Blognotes from a photographer life...

May 1, 2010


Being May 1st, and being myself in the middle of a revolution (well, sort of), I feel like a reflexion is needed. What is the sense of this popular revolution? But, above all, what is really moving and driving it? Maybe the real question should be "who" is driving it..
Although I feel empathically near the red Shirts reasons (for the first time in the history of this kingdom the neglected masses are acquiring a "class consciousness", are discussing the philosophy of undiscussed loyalty to the noble rich oligarchy) I remain deeply suspicious of the leadership that inspired and still controls the movement. Thaksin is closer to Berlusconi then to Lenin; he never discussed the economical system of the country, being one of the richest tycoon on earth: he merely gave some economical benefits to the large countryside population to obtain a solid electoral base, to be transformed into power. The subsequent turmoil was a power struggle among rich and powerful, not a popular revolt: a confrontation deeply rooted into tradition and religion more then in ideology and politics.

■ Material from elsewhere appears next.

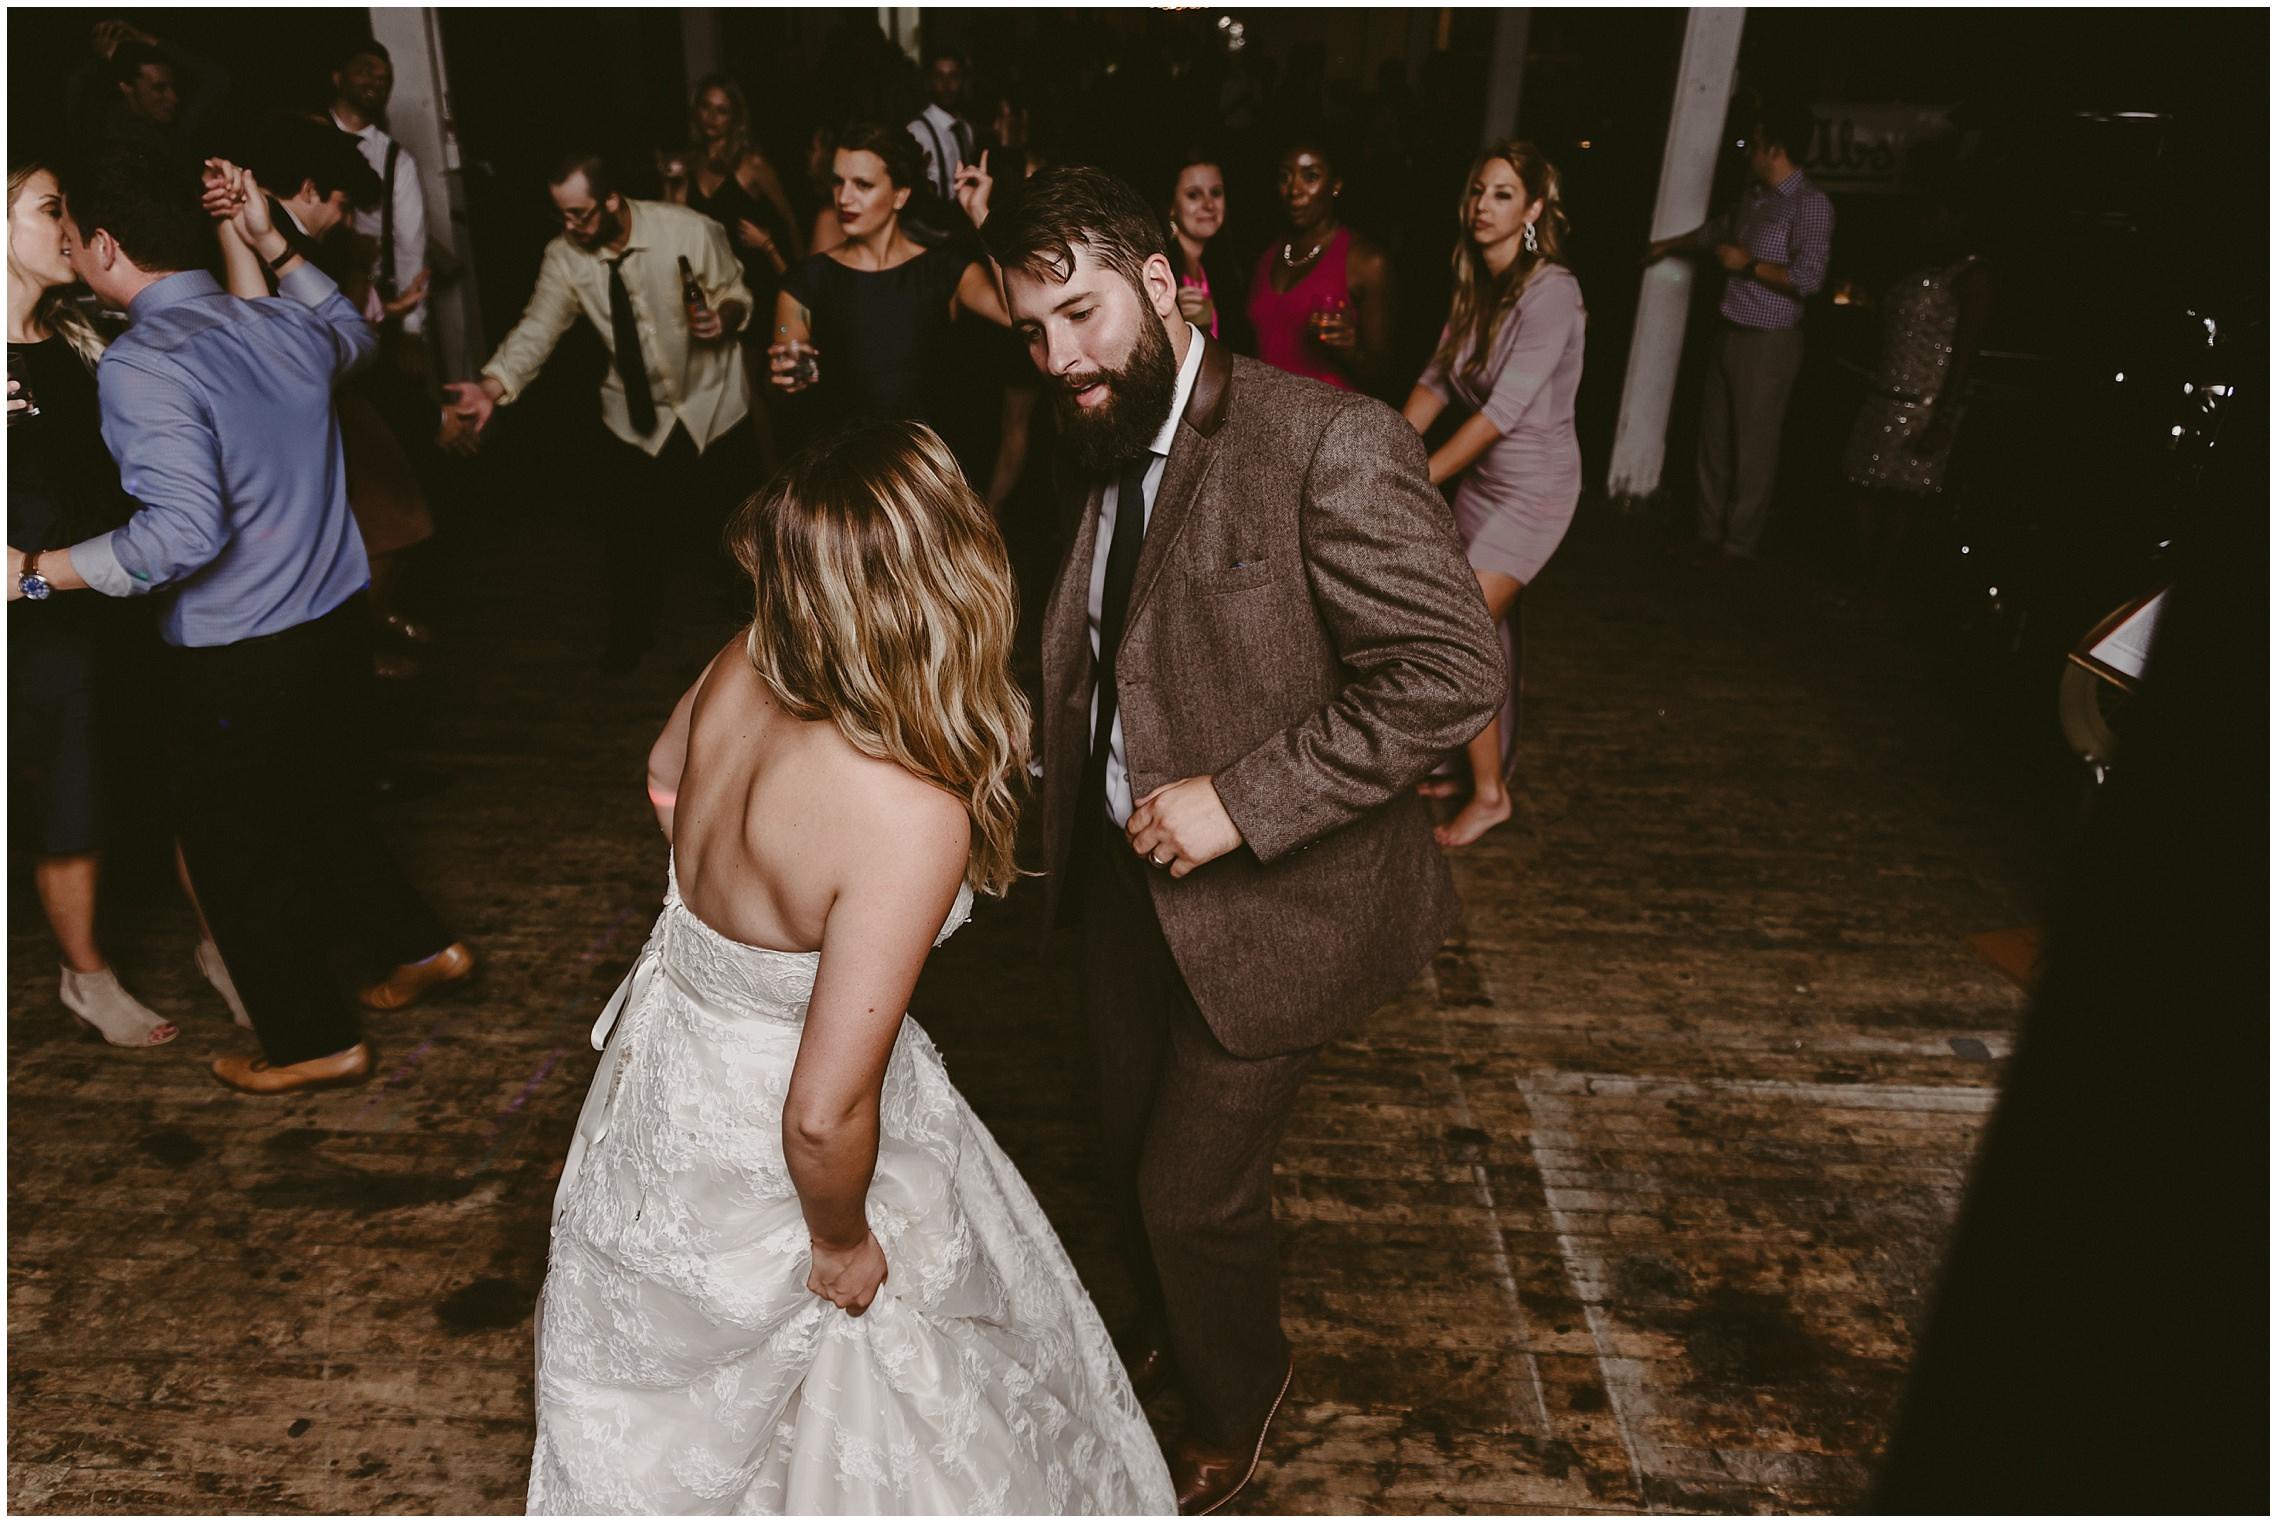 brick_and_mortar_colorado_wedding_photographer_0267.jpg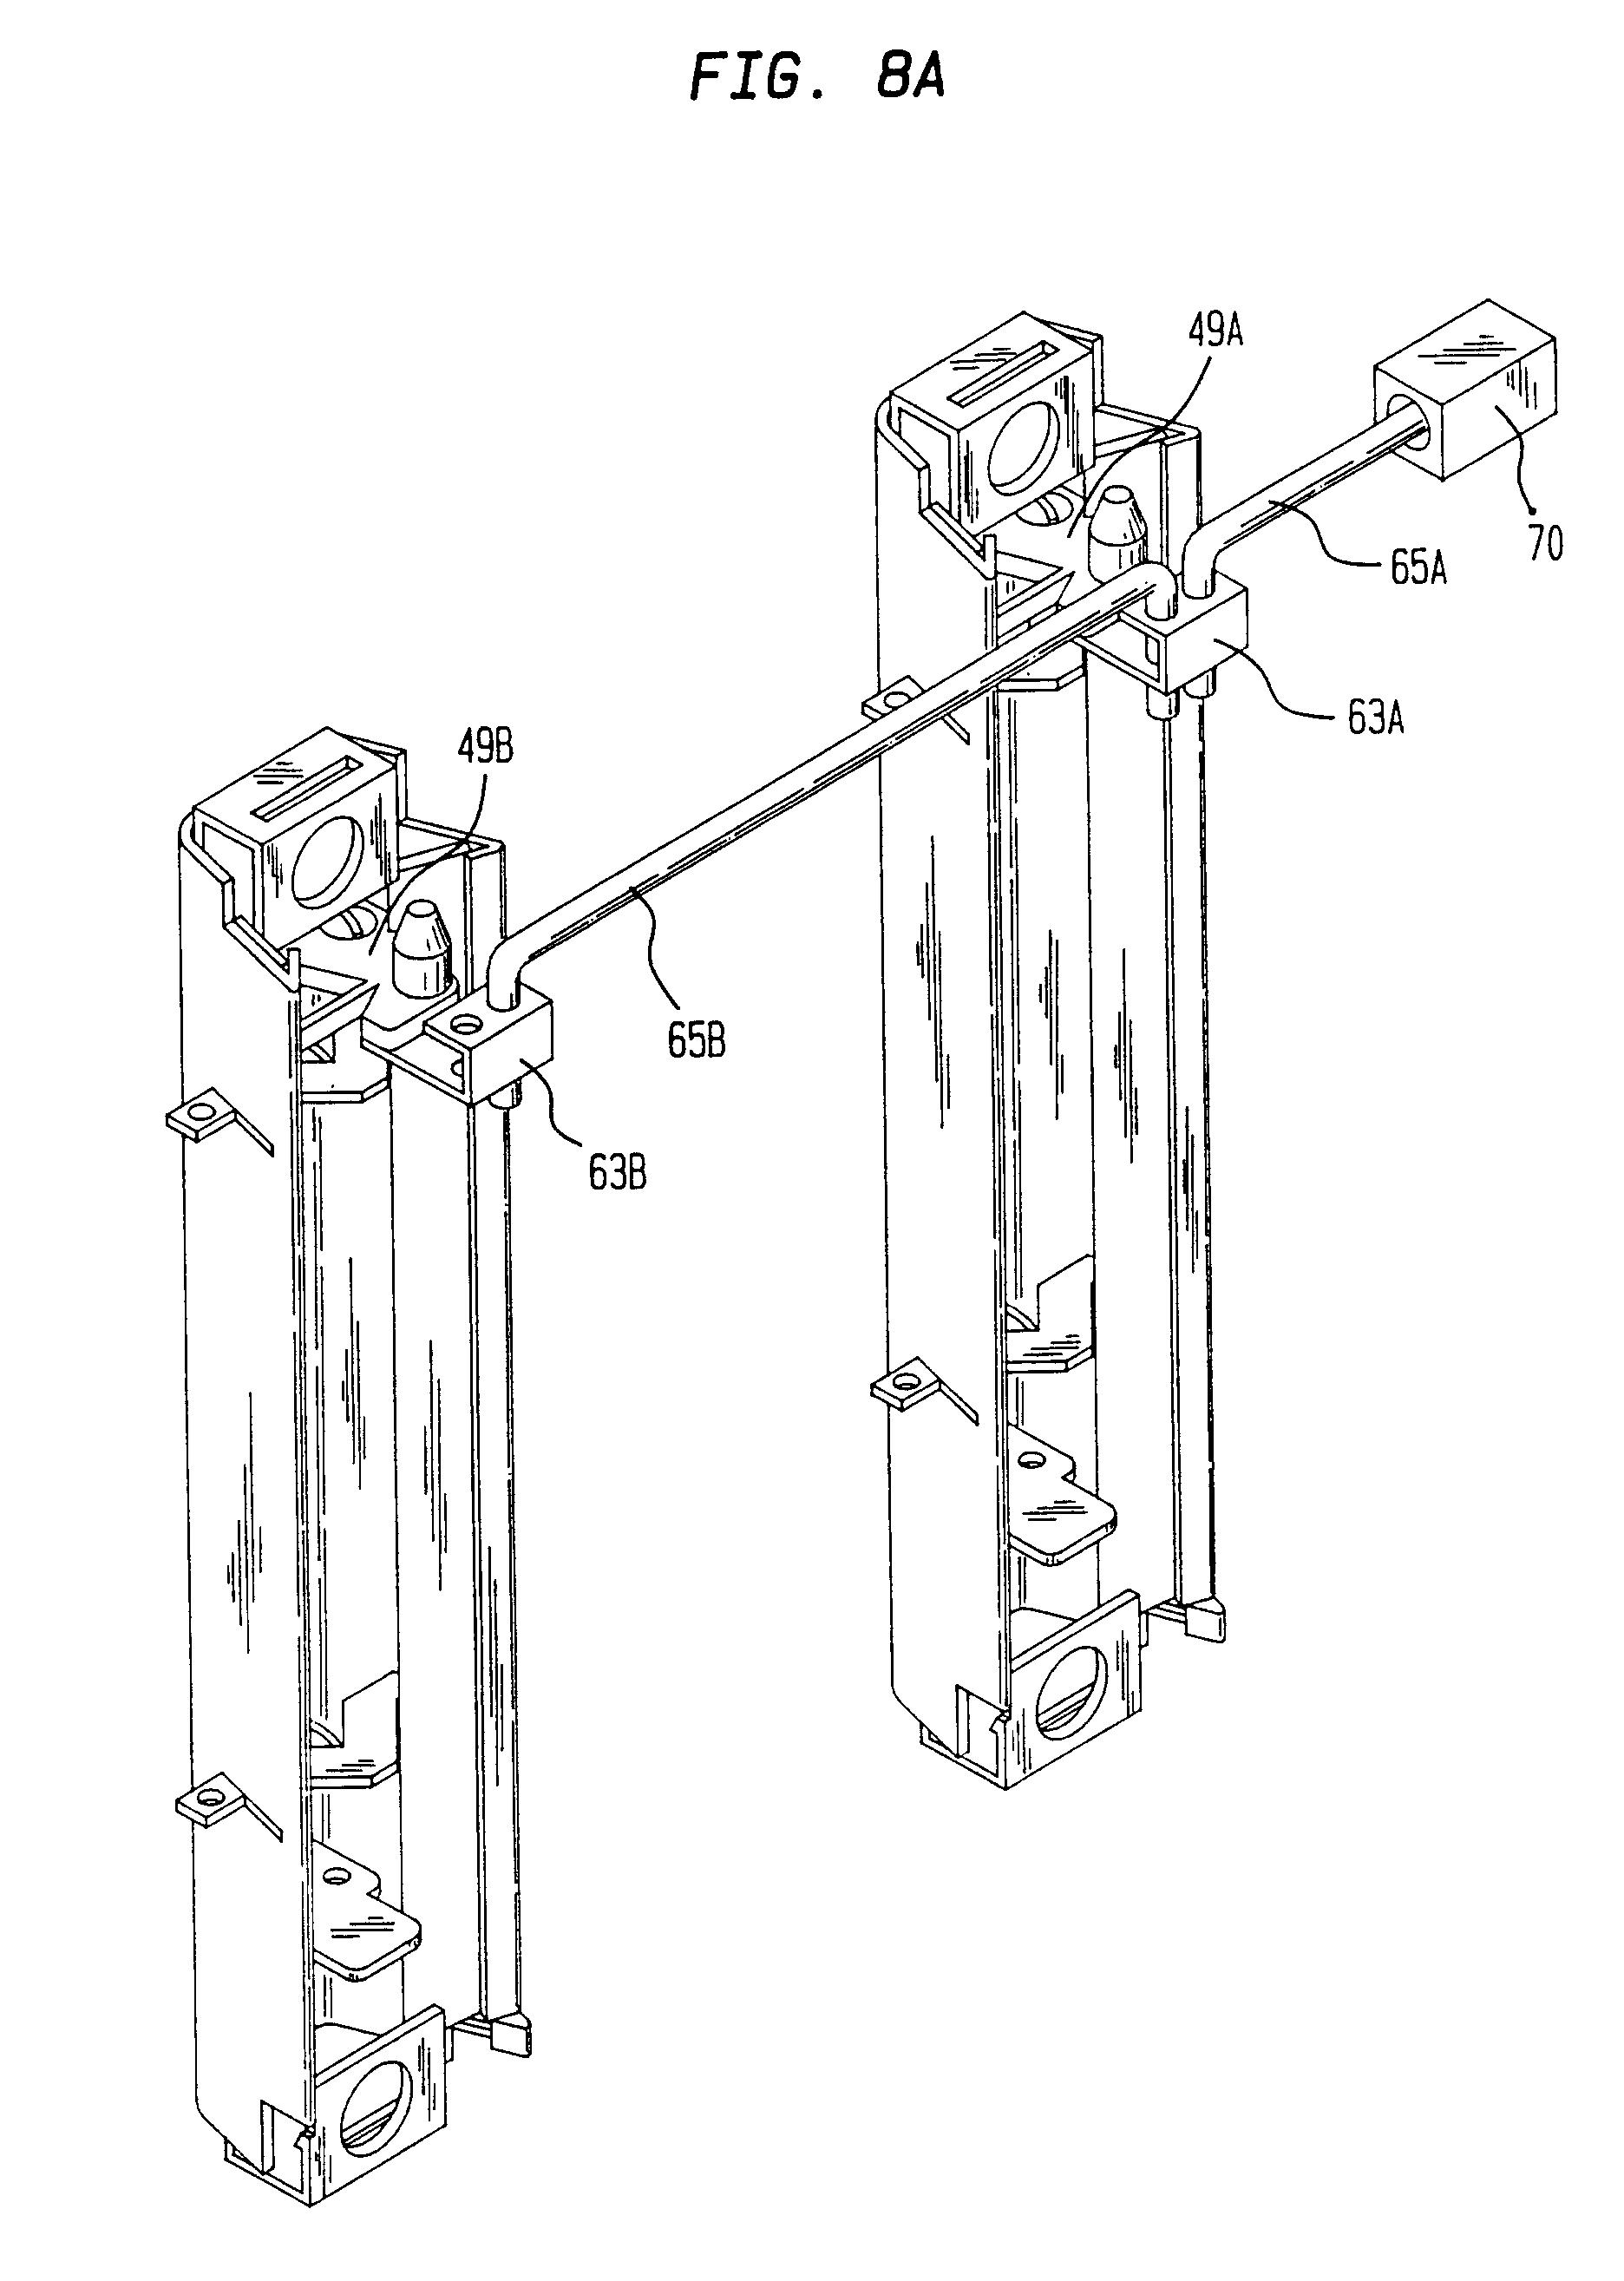 Patent EP0755478B1 - Cabinet drawer interlocking system - Google ...

Even in these days, when thousands of people are fighting for their new social identity, the signs of this "controlled rage" are clear. The Red Shirts are occupying the business centre of Bangkok, barricaded in a large intersection, an area that has become a village, like the "Paris Commune". They sleep in tents in the streets, shower behind veils, get ready for a fight: many truly believe this is their occasion in history.
But there are questions. Who is paying for the electricity generators, the television broadcast, the freely distributed food, the countless printing and gadgets? And more then this: on the sides of the camps are the largest, most up-market shopping malls and luxury hotels in Thailand. They closed, of course, but not a scratch has happened to the properties (in any other country the people would be sleeping in the rooms of the Four Seasons by now).
The conclusion is clear: "You shall fight, even be ready to die (over 30 till now), but you shall not discuss the economic system, the private property!"
It's so strange when you see the flow of thousands of motorcycles riding the streets of the capital, with red flags and shirts, chanting slogans and calling for change, stopping at a red traffic light! I guess this is a XXI century revolution: to stop it takes little more then a traffic policeman.
My wish is that not many people will be killed and wounded from now on. This would be an useless sacrifice since (as history shows) in a few months everybody will be back to it's life, with social roles unchanged. Only a few gadgets added to their wealth. Whoever the "winner" will be.